Tuesday, November 25, 2014

The wince

Long term readers know I occasionally become upset by "the man who ran over my husband" - henceforth I will call him The Maimer, 'cause he put Ron in a wheelchair. 

Work is hiring.  They have been conducting a lot of interviews lately.  They bring the applicants in the front door and sit them in the hall (step one, I have no idea what happens afterward).  They ran out of chairs, so they took the chairs out of the front breakroom, tended by the other vendor. 

I won't be telling them that.  So, the "regulars" had nowhere to sit.  Every break area has it's regulars.  The Maimer is a regular in the front breakroom, usually. 

As I stocked, I reminded myself I'd see him; to anticipate it, so I could act instead of reacting. 

You can imagine how I feel, seeing him walk around ablebodied. 

It's ironic, because God enabled me to forgive the officer who stole Ron's money, falsified the accident report, lied about a witness, had Ron walking into the street backwards, and when I confronted him on that version of events - blamed me for the accident because Ron traveled alone, as he always did.  I had a lot of issues.

I'm still working on complete neutrality when I see The Maimer.  I have a long way to go.  But generally speaking, I am past the sobbing/wanting to mutilate him stage when I do see him.  Generally.

Generally I battle the impulse to shout at him and tell him he ruined our lives, I hope he's happy driving his nice new truck, etc.  Like I said, I'm working on it.

I reminded myself I would likely see him (especially, as it turns out, the custodians took advantage of the vacant room to wax the floor).  Sure enough, I did.

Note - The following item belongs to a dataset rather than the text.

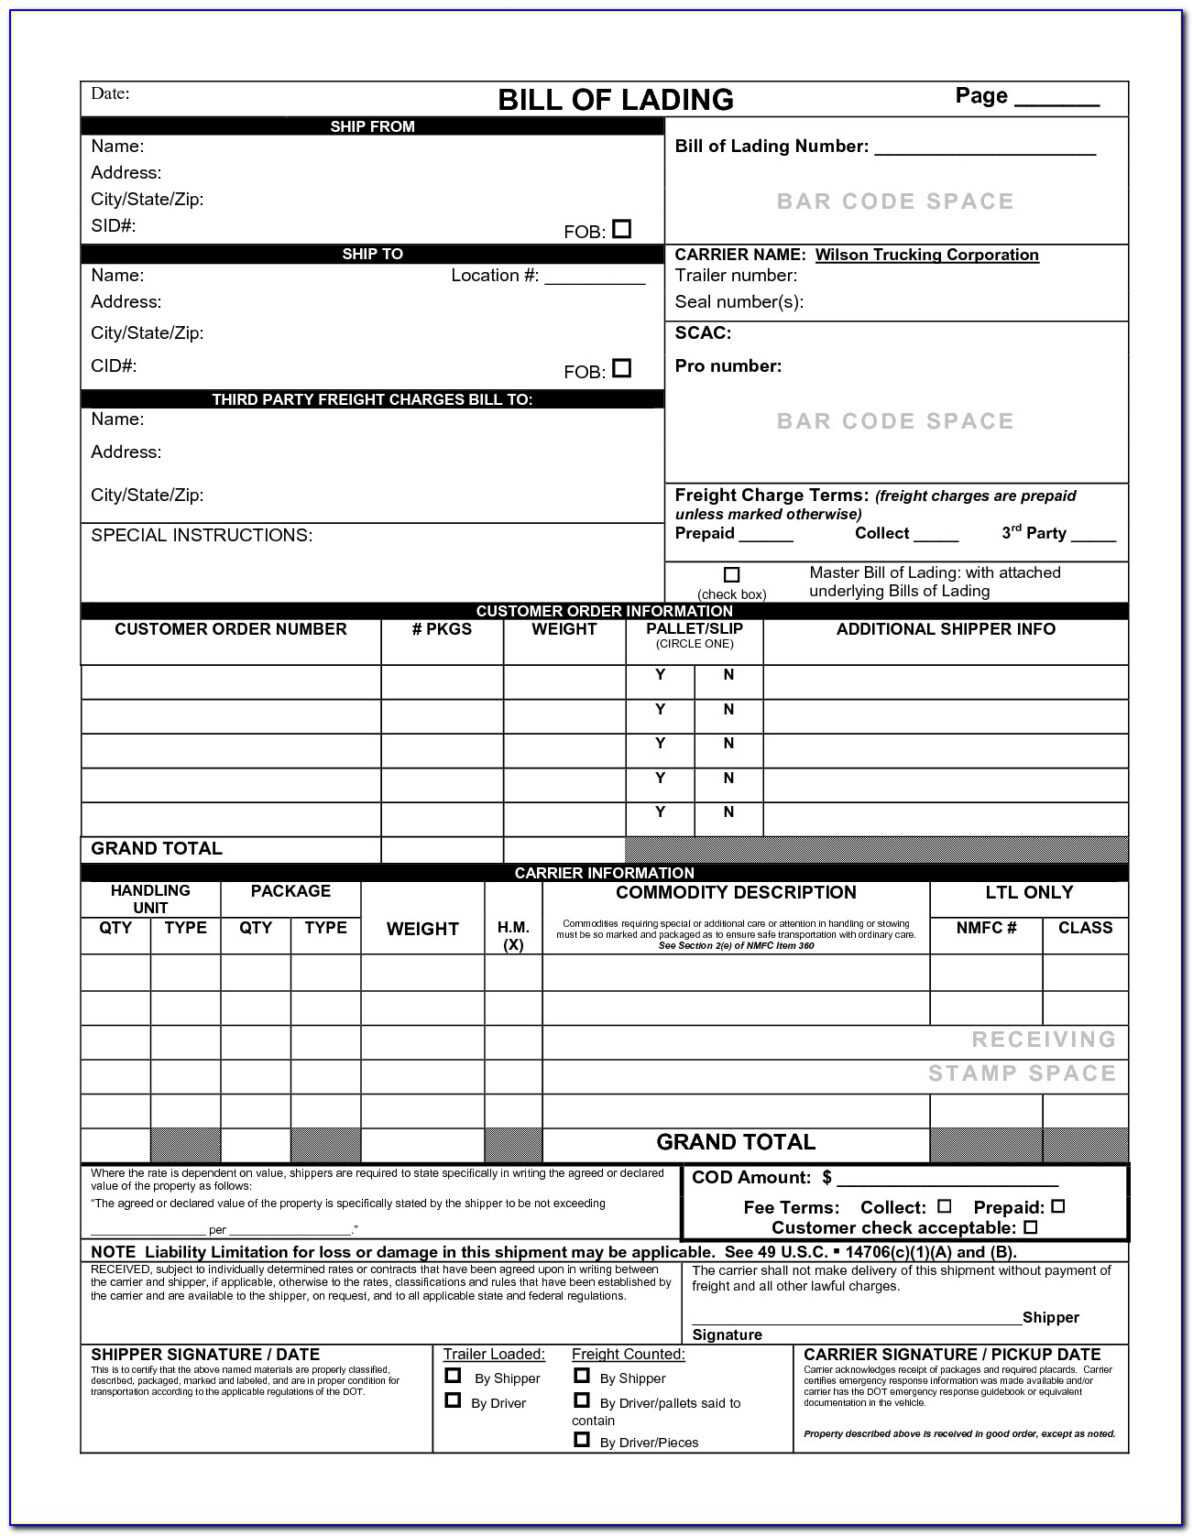 blank-bill-of-lading-short-form-pdf-form-resume-examples-76ygeap2ol
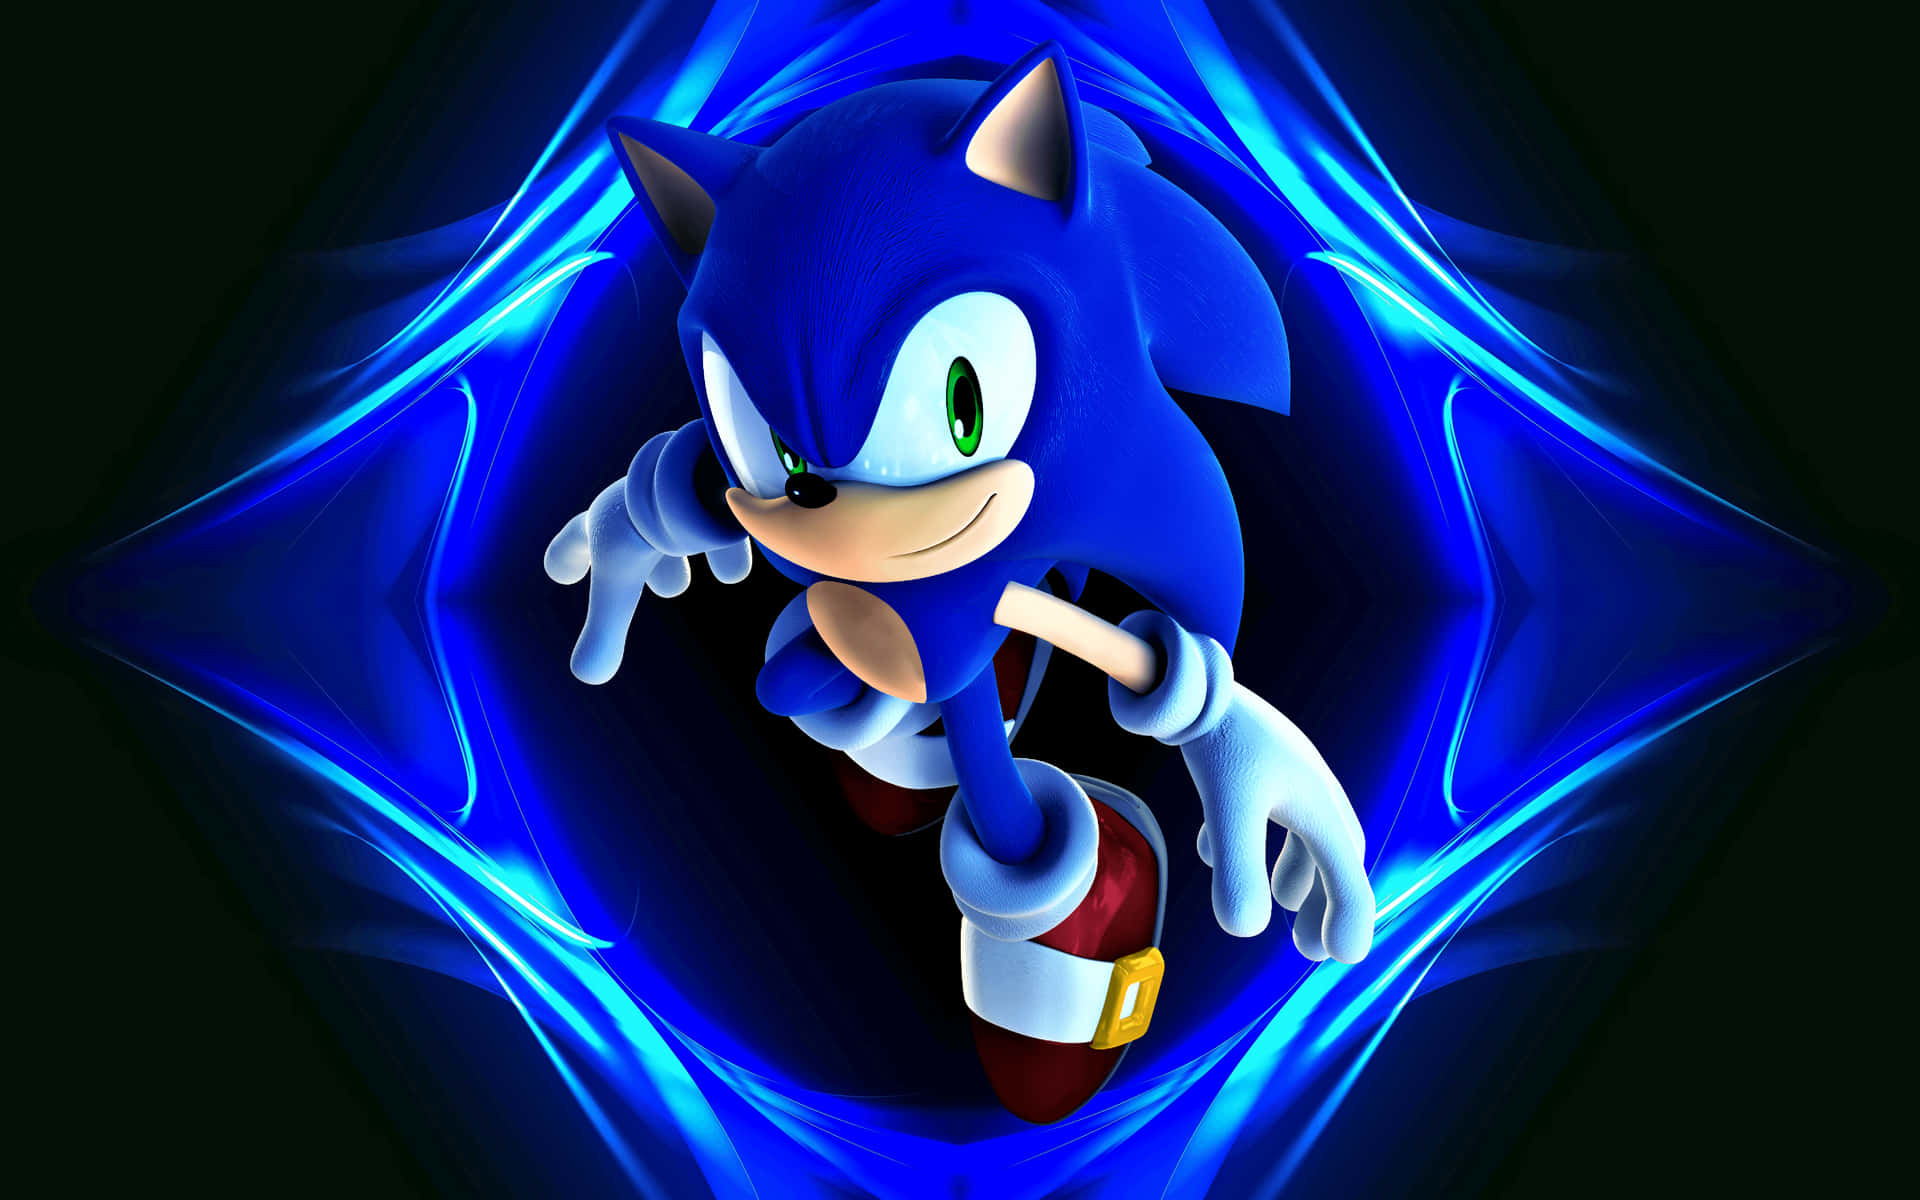 Sonic The Hedgehog in 4k Wallpaper

He carried a cup of our coffee as he left the area.  He paused, looking at Ron in his wheelchair.  Winced.  I turned my head because I was probably glaring at him, and I knew God didn't want that.  I heard him say Hi to Ron and Ron give a cheerful reply.

This is going to sound awful, and like I said I have a lot of work towards forgiveness.  But that wince at seeing Ron in the wheelchair did a lot for me, today.   

After the door closed, I told Ron, who shrugged it off.

"He didn't buy a snack?" Ron asked. 

"No" I replied.  "I was stocking and he knows I'm a little growly."